> _THE DATA_:
···

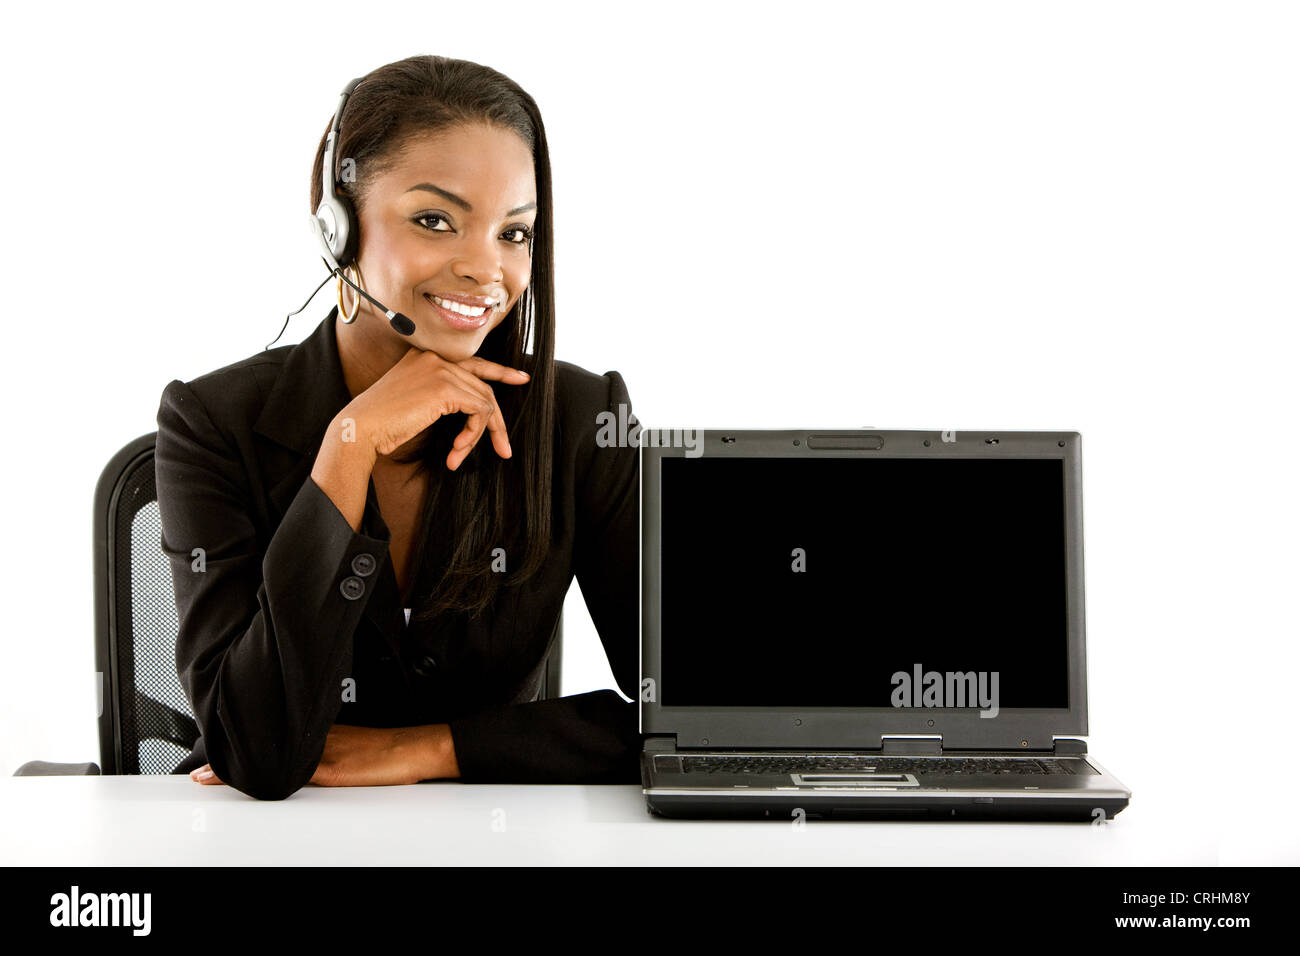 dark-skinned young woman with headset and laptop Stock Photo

···

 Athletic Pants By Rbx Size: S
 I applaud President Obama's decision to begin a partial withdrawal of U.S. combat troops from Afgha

···

All that should be written out is the stretch of lines above between the one holding "Athletic Pants By Rbx Size: S" and the one holding "I applaud President", inclusive, exactly as given.

> _SOLUTION TO THIS TASK_:
 Athletic Pants By Rbx Size: S
 I applaud President Obama's decision to begin a partial withdrawal of U.S. combat troops from Afgha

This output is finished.